Fifty years ago today, President Dwight D. Eisenhower sent in elements of the 101st Airborne Division to integrate Little Rock High School over the objections and active opposition of Arkansas' Governor Orval Faubus.
A little appreciated aspect of President Eisenhower's move was his desire to counter the major Soviet propaganda campaign that emphasized racism in the U.S.
Secretary of State John Foster Dulles warned the president about the exploitable danger to our international reputation of letting the Arkansas governor get away with putting an official government sanction on segregation contrary to the Brown vs. Board of Education Supreme Court ruling of 1954.
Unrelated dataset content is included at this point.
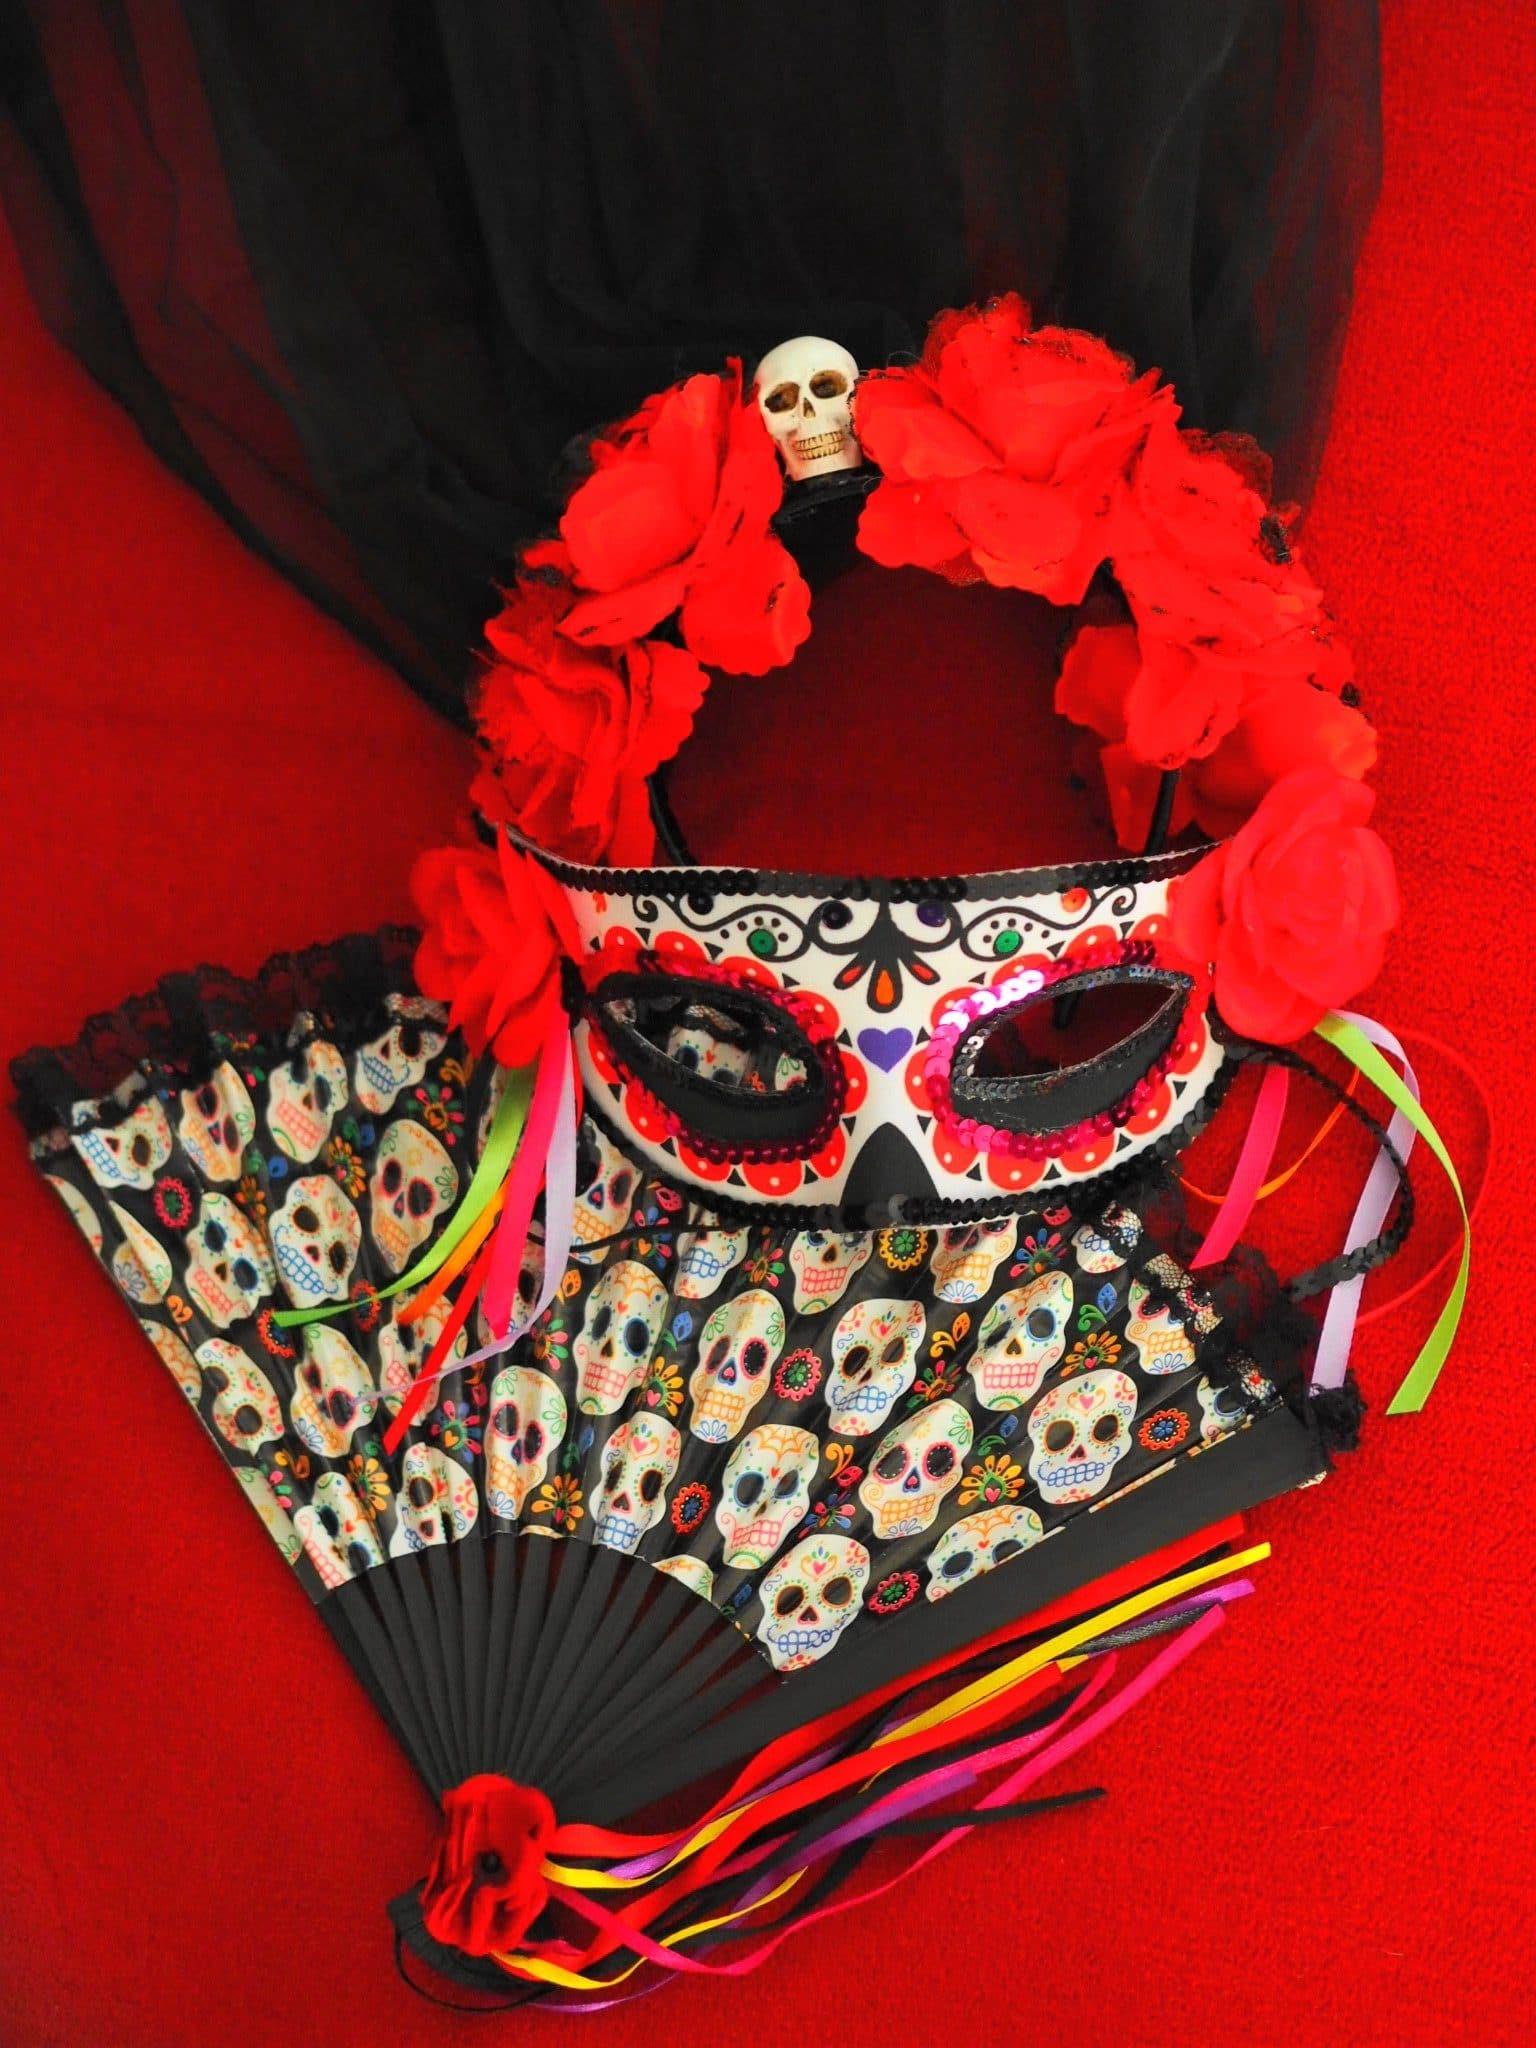 Heute zeige ich euch mein Halloween La Catrina Look ganz im Stil des Dia de los Muertos und erzähle euch ein wenig über die tollen Feierlichkeiten in Mexiko

Eisenhower, the longtime proponent of Psychological Warfare, immediately rose to the occasion.
In his speech to the nation fifty years ago tonight -- which was transmitted to USIA facilities worldwide for dissemination -- the counterpropaganda motive is there for all to see:
At a time when we face grave situations abroad because of the hatred that Communism bears toward a system of government based on human rights, it would be difficult to exaggerate the harm that is being done to the prestige and influence, and indeed to the safety, of our nation and the world.
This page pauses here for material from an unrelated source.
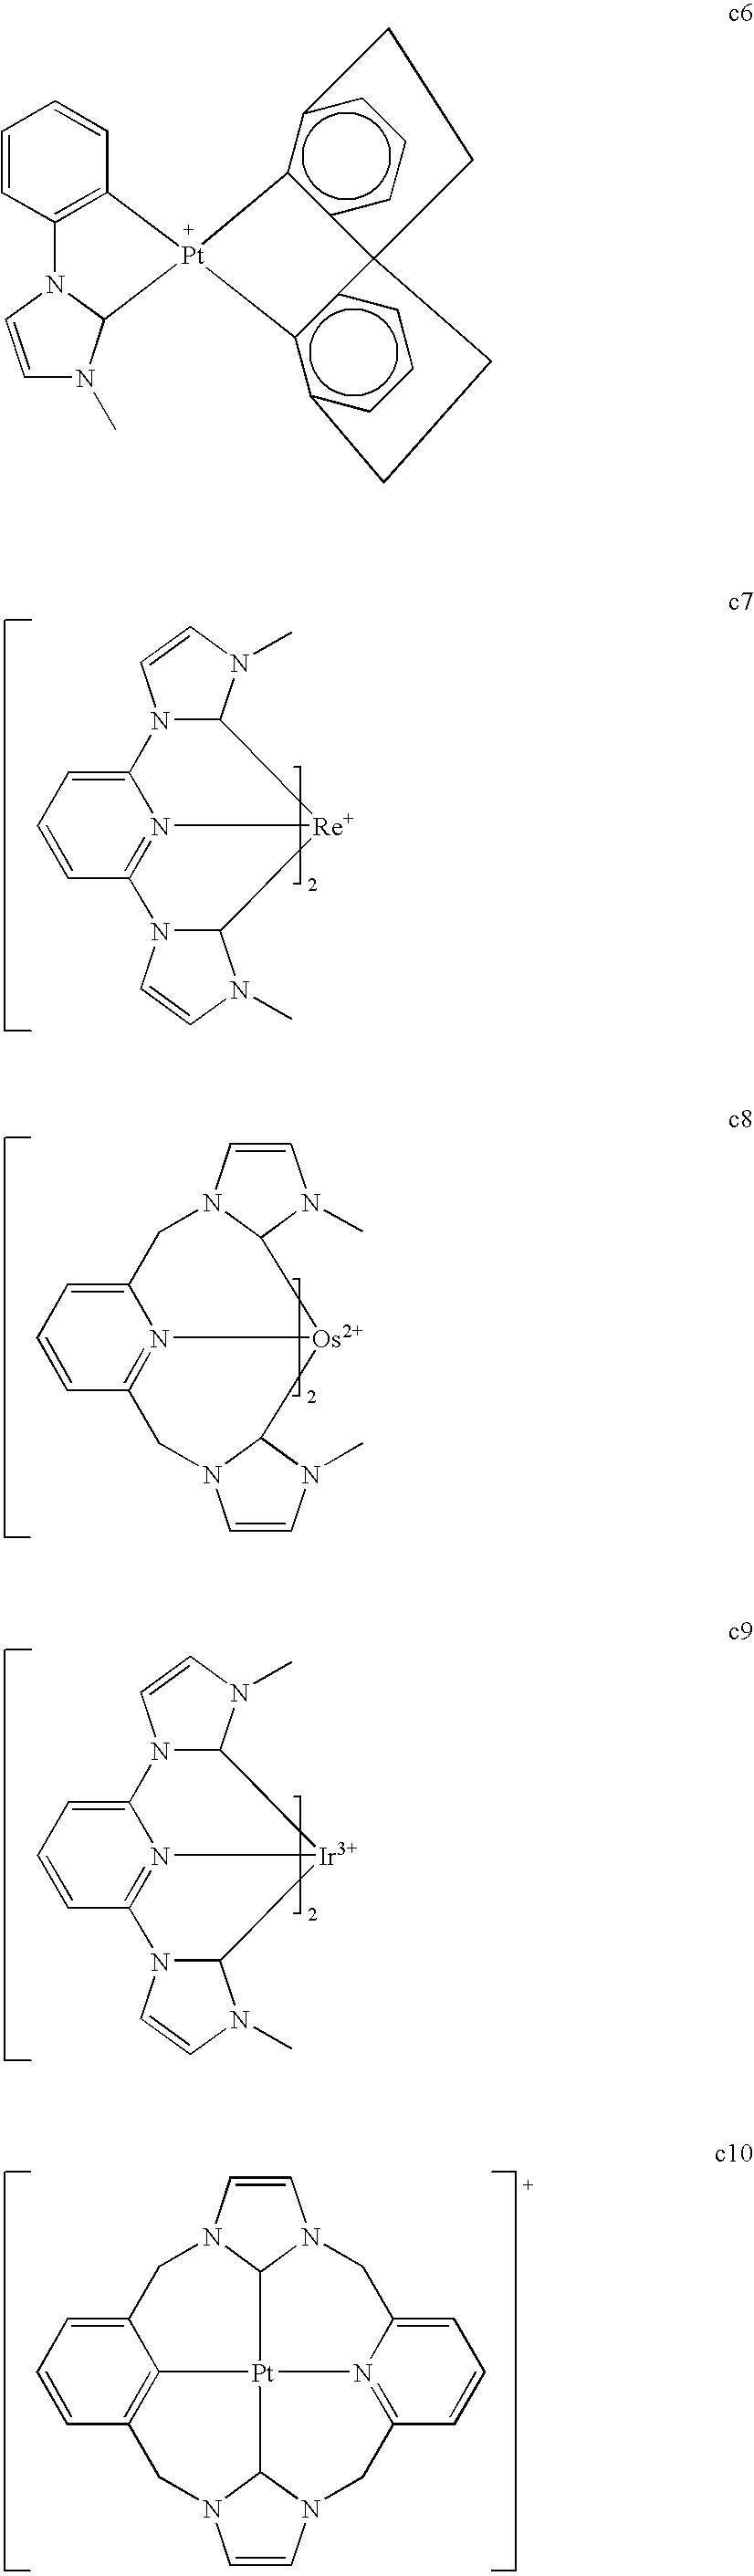 Figure US07445855-20081104-C00335

Our enemies are gloating over this incident and using it everywhere to misrepresent our whole nation. We are portrayed as a violator of those standards of conduct which the peoples of the world united to proclaim in the Charter of the United Nations. There they affirmed "faith in fundamental human rights" and "in the dignity and worth of the human person" and they did so "without distinction as to race, sex, language or religion."